John Gruber thinks that pundits are way off when they describe the iPhone’s unsubsidized $499 price tag as too pricey. Consumers agree, and cite the price of the Apple phone as one of its major turn offs, along with Apple’s exclusive partnership with AT&T. Microsoft CEO Steve Ballmer is one of the loudest proponents of this school of thought. Here he is:
There’s no chance that the iPhone is going to get any significant market share. No chance. It’s a $500 subsidized item. They may make a lot of money. But if you actually take a look at the 1.3 billion phones that get sold, I’d prefer to have our software in 60 percent or 70 percent or 80 percent of them, than I would to have 2 percent or 3 percent, which is what Apple might get.

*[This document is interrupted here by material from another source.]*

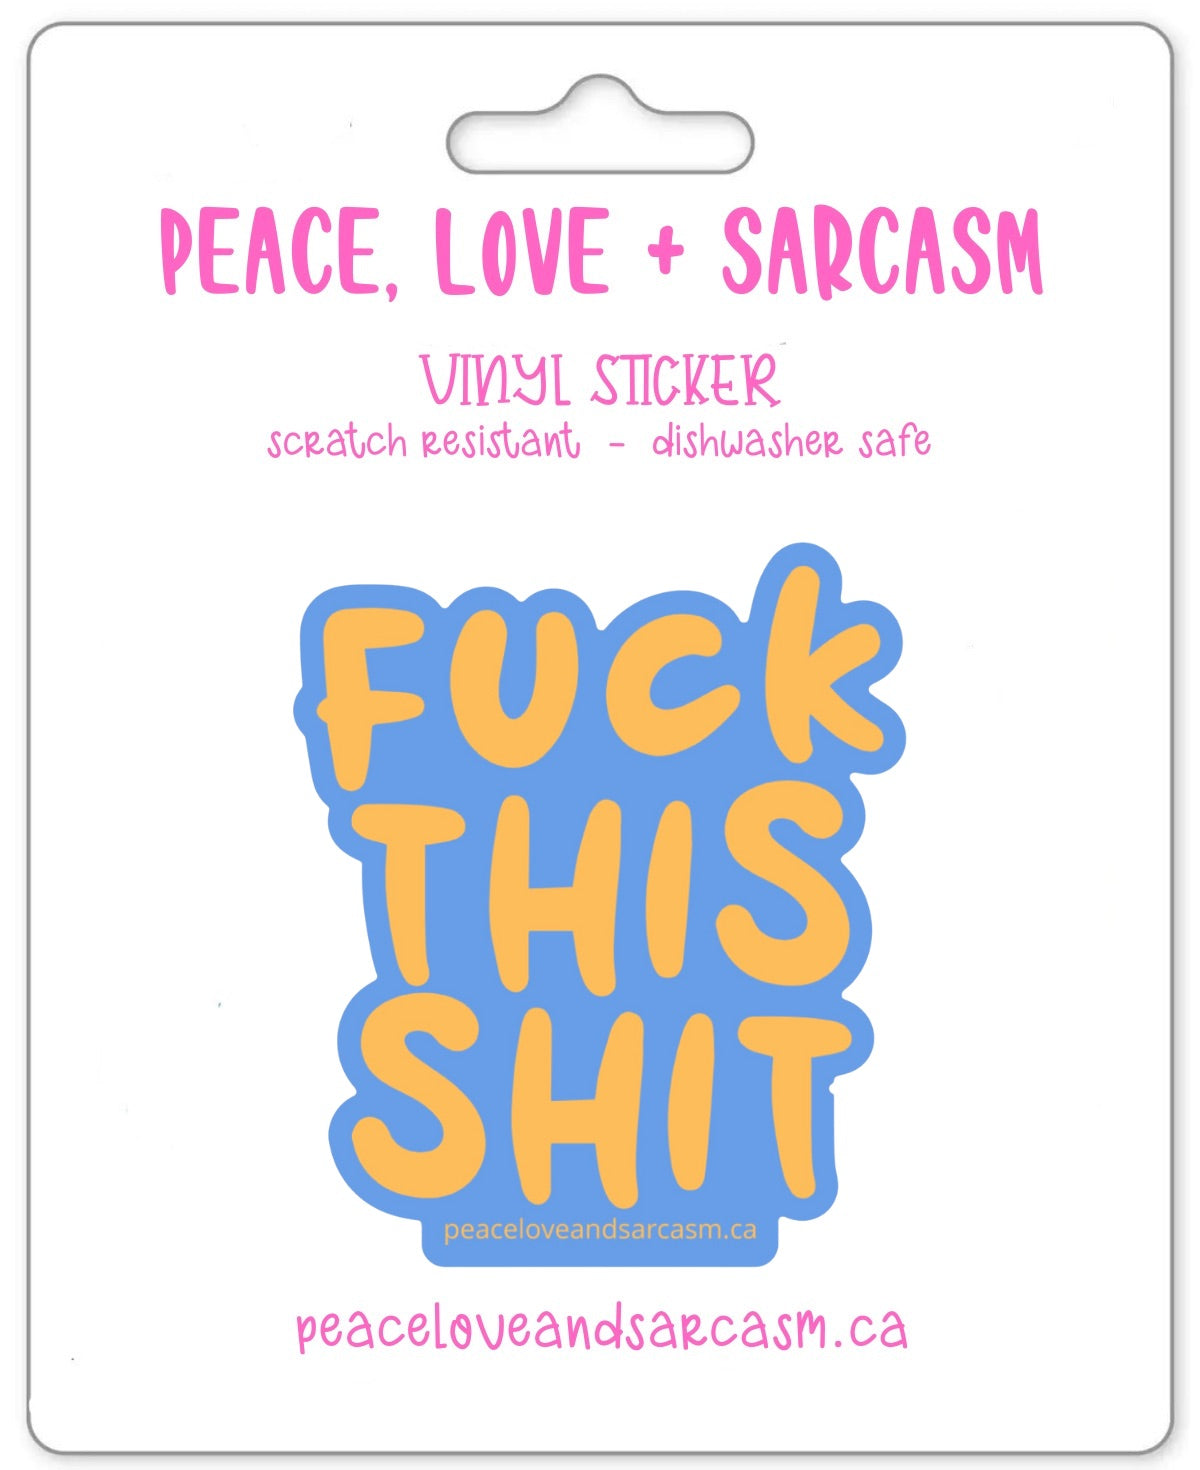 Fuck this Shit Sticker

But John Gruber disagrees with consumers and most pundits, and disagree vehemently with the Microsoft CEO and says of him, “Some of these pundits and analysts are morons. Ballmer, however, is a very smart man, but what he’s saying about the iPhone is going to make him look stupid if it’s successful. He clearly doesn’t get what makes the iPhone so appealing, and his dual obsession with the price and business users is baffling.” According to Gruber, Apple is not trying to sell a phone but a smartphone, 10 million of them. iPhone’s $499 and $599 price tags, he pointed out, was the exact same price of iPod Photo (40GB and 60GB) when it first came out.
If consumers, Gruber said, are willing to spend $500 on an iPod, why not a widescreen version with telephony, WiFi and OS X with multi-touch controls?